The marriage contract (1743), de William Hogarth
El abuelo de los tebeos no es otro que el inglés William Hogarth, cuyos trabajos iban a resultar decisivos tanto para la escuela pictórica británica como para el desarrollo del arte narrativo y secuencial. “Se dedicó sobre todo a realizar retratos, pero también se interesó por las ‘conversation pieces’, donde había personajes, escenas de tertulias y un desarrollo de la fisionomía, del lenguaje corporal y de las miradas. A partir de 1732 creó las piezas que le dieron fama, los ‘Ciclos de temas morales modernos’, series de cuadros y grabados que narraban historias, parecidas a obras de teatro, en las que criticaba e ironizaba sobre las debilidades humanas”, expone Pablo Dopico, doctor en Historia del Arte por la Universidad Autónoma de Madrid.
“También en el siglo XVIII hubo otra serie de humoristas gráficos, ingleses en su mayoría, que utilizaron el globo de diálogo para satirizar a sus gobernantes. La reproducción masiva del dibujo a partir de 1789, año de la Revolución Francesa, fue una consecuencia de la invención de la litografía, que permite la impresión directa sin ningún proceso humano intermedio. El artista tiene mucha más libertad creativa y las páginas son más resistentes, aguantan más reprensados y, por lo tanto, tiradas mucho más grandes. De esta época son las estampas de Épinal”, añade el experto.

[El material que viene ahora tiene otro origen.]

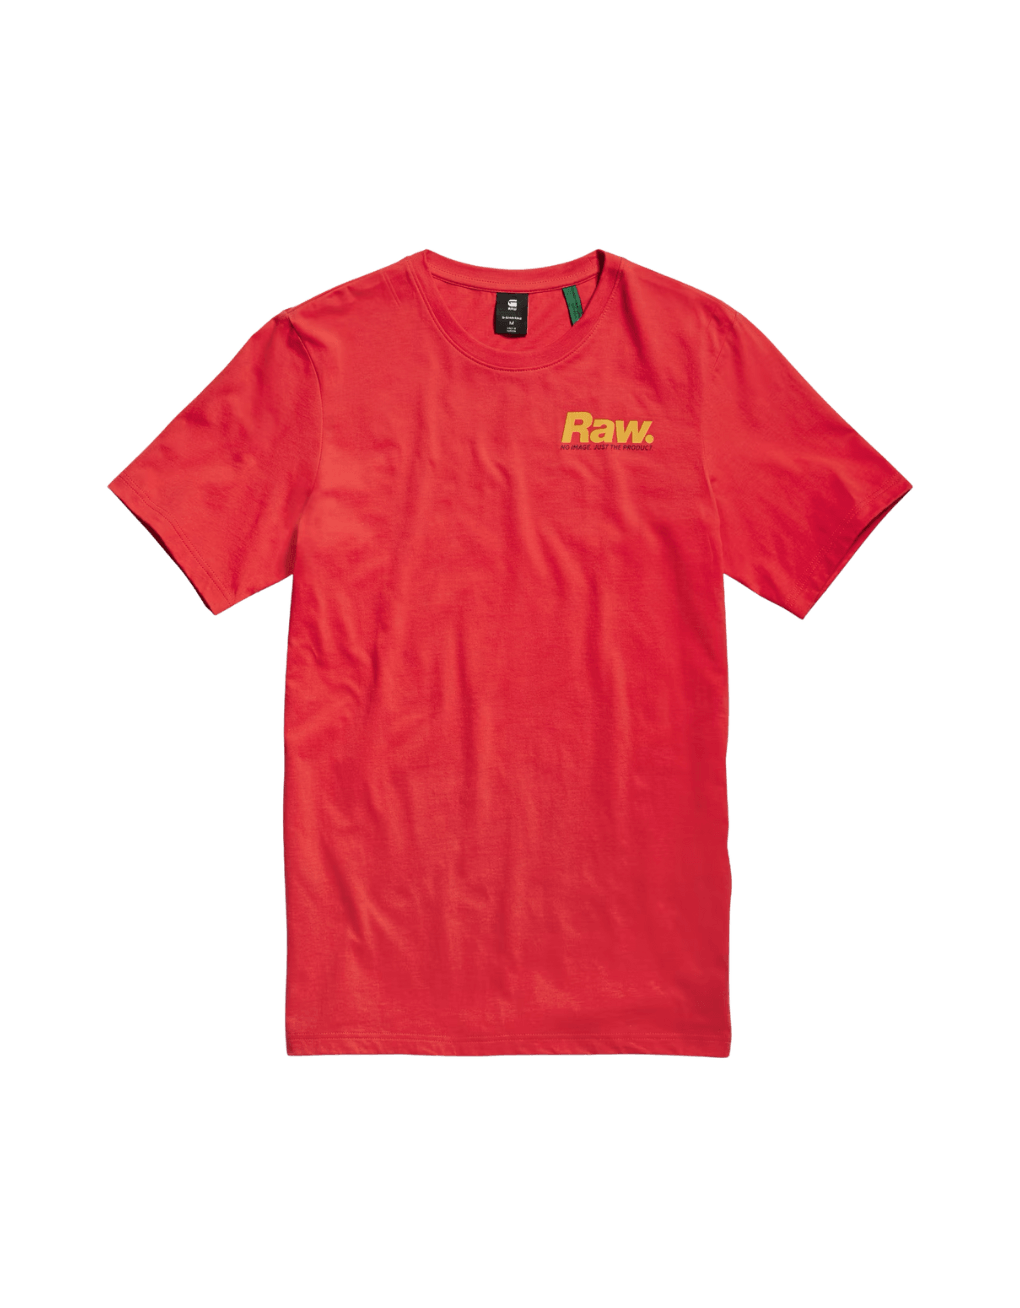 Camiseta de Hombre G-star Photographer Graphic Slim Acid Red - ECRU

Panel indicando la dirección, de la Imagerie d’Epinal
Se habían sentado las bases, pero el nacimiento del cómic moderno no tendría lugar hasta la década de los veinte del siglo XIX con la aparición de Rodolphe Töpffer (Ginebra, 1799-1846). Este maestro de escuela quiso emular los pasos de su padre, pintor aficionado, pero un defecto en la vista le impidió satisfacer sus deseos y hubo de contentarse con la enseñanza, la cual ejerció en su propio internado, una institución de carácter abierto que acogió a estudiantes de toda Europa. “Acostumbraba a crear historias dibujadas para sus alumnos donde ya existía una narratividad continua, las escenas estaban encuadradas en viñetas y los textos se encontraban en la parte inferior, apoyando el dibujo representado”, señala Dopico.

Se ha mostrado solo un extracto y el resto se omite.